This Non-receptor tyrosine-protein kinase plays an important role in the regulation of cell growth, differentiation, migration and immune response. CSK acts by suppressing the activity of the Src family of protein kinases by phosphorylation of Src family members at a conserved C-terminal tail site in Src.^[4]^[5]^[6]^[7] Upon phosphorylation by other kinases, Src-family members engage in intramolecular interactions between the phosphotyrosine tail and the SH2 domain that result in an inactive conformation.
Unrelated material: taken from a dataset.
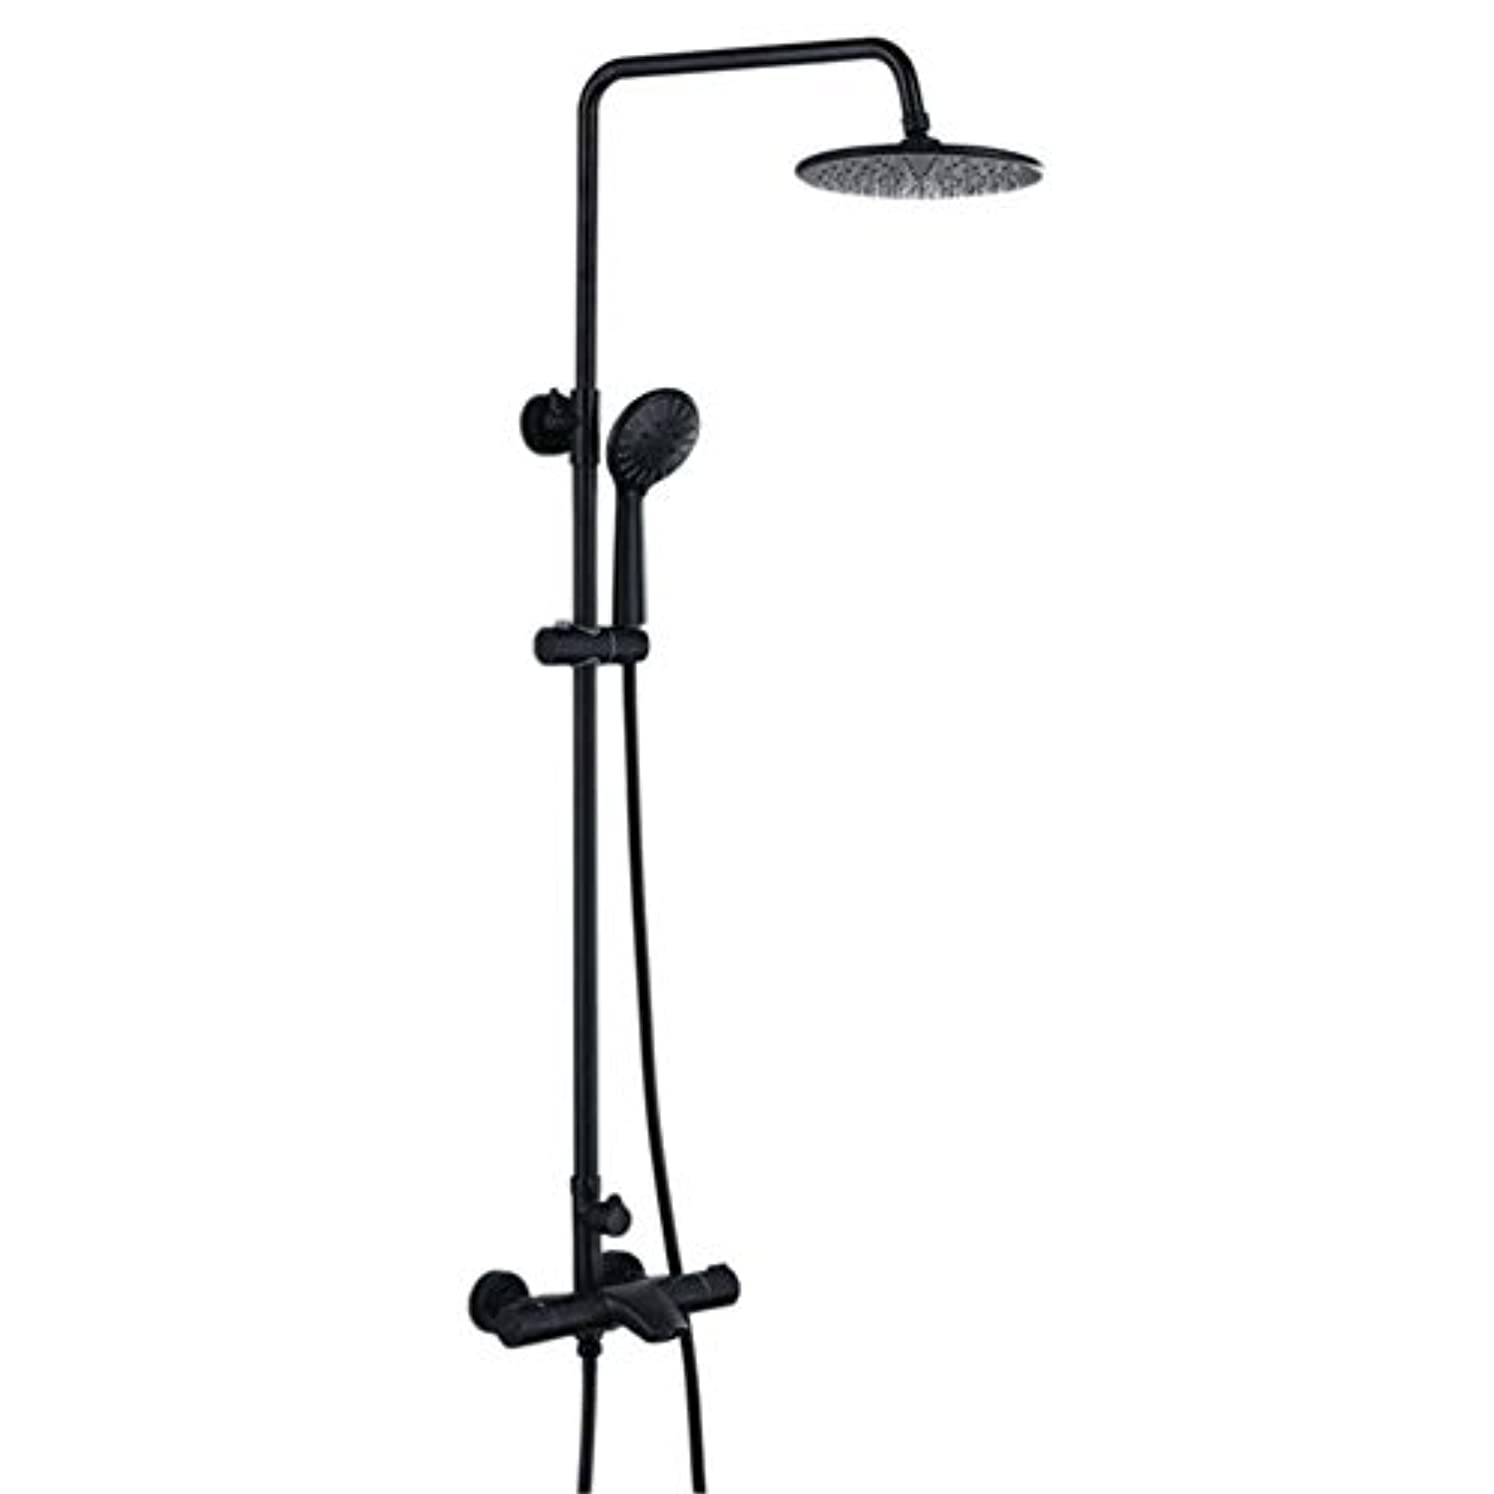 ラメ描写合併サーモスタットシャワーシステム、浴室シャワーミキサーセット壁掛け雨浴室シャワーセット蛇口黒ブロンズデュアルハンドルシャワーホットシャワーとコールドタップシャワー付き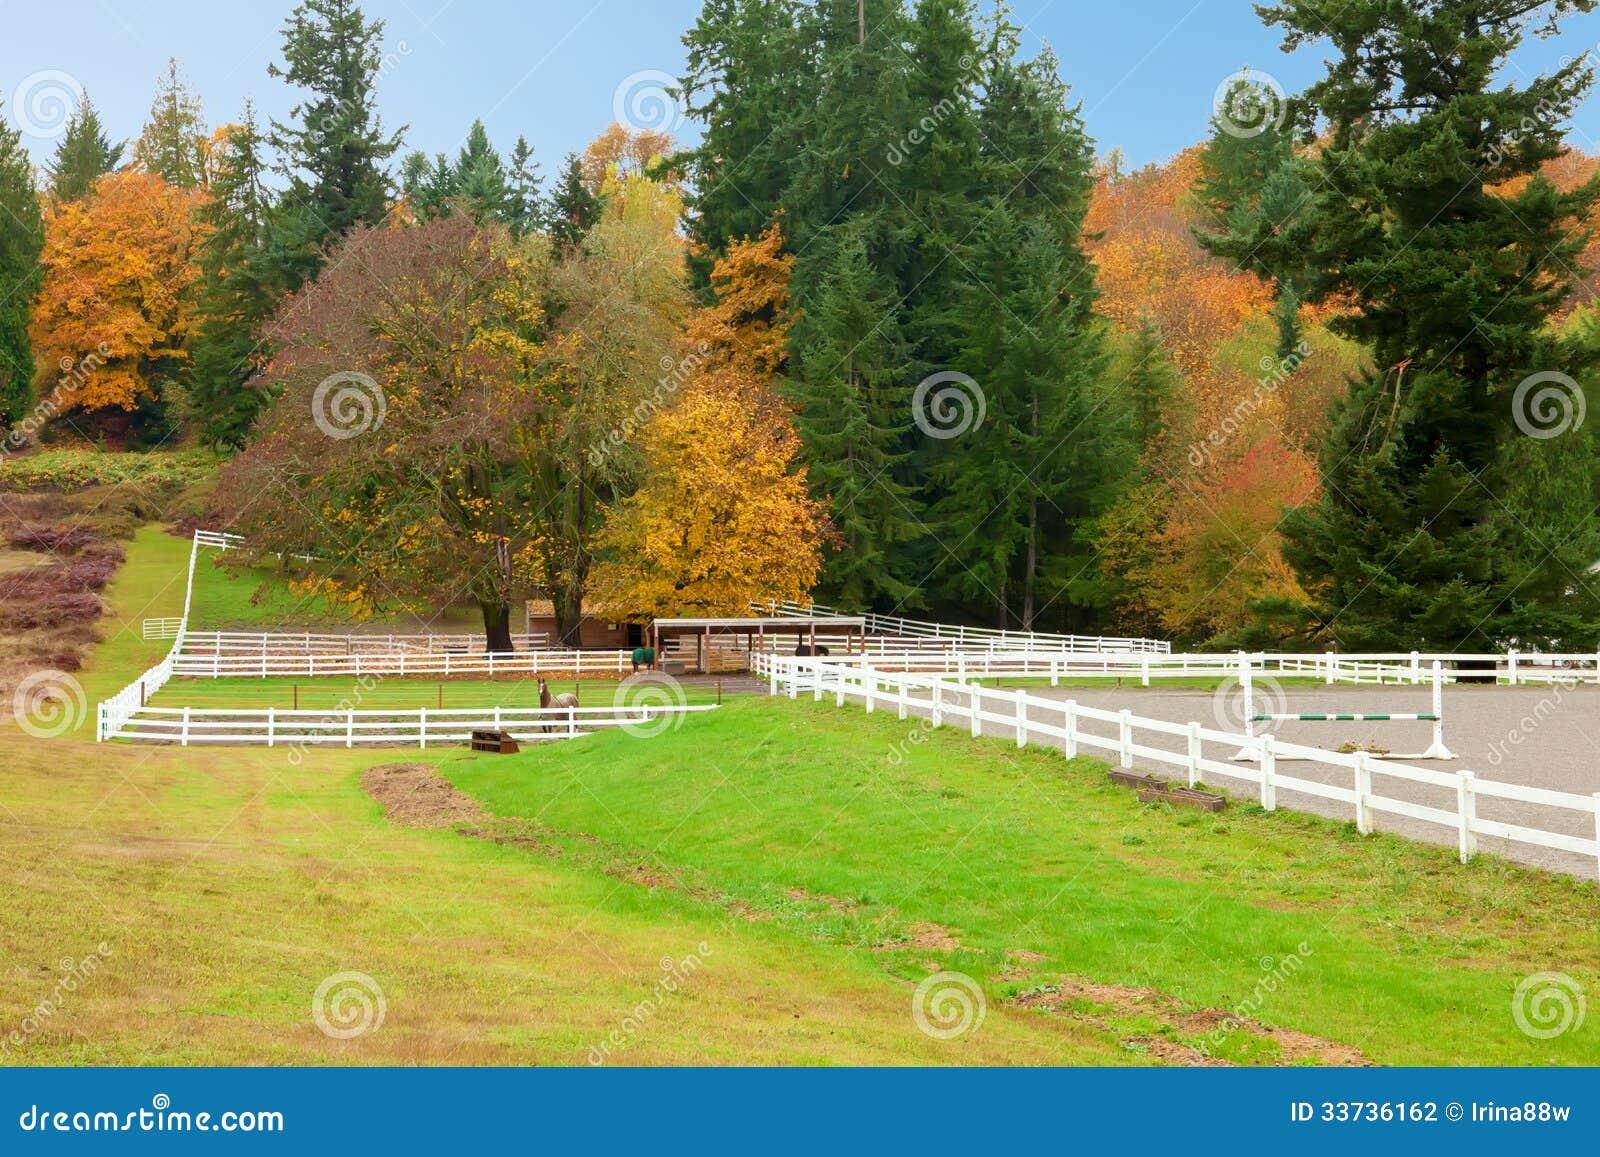 Pferdebauernhof mit weißem Zaun und bunten Blättern des Falles.

To inhibit SFKs, CSK is then recruited to the plasma membrane via binding to transmembrane proteins or adapter proteins located near the plasma membrane and ultimately suppresses signaling through various surface receptors, including T-cell receptor (TCR) and B-cell receptor (BCR) by phosphorylating and maintaining inactive several effector molecules.^[2]^[3]

Clinical significance

Adherens junction organization, blood coagulation, brain development, cell differentiation, cell migration, cellular response to peptide hormone stimulus, central nervous system development, epidermal growth factor receptor signaling pathway, innate immune response, morphogenesis of an epithelium, regulation of bone resorption, negative regulation of cell proliferation, negative regulation of ERK1 and ERK2 cascade, negative regulation of Golgi to plasma membrane protein transport, negative regulation of interleukin-6 production, negative regulation of kinase activity, negative regulation of low-density lipoprotein particle clearance, negative regulation of phagocytosis, dendrocyte differentiation, peptidyl-tyrosine autophosphorylation, platelet activation, positive regulation of MAP kinase activity, regulation of cell proliferation, regulation of cytokine production, regulation of Fc receptor mediated stimulatory signaling pathway, T cell costimulation, T cell receptor signaling pathway.^[8]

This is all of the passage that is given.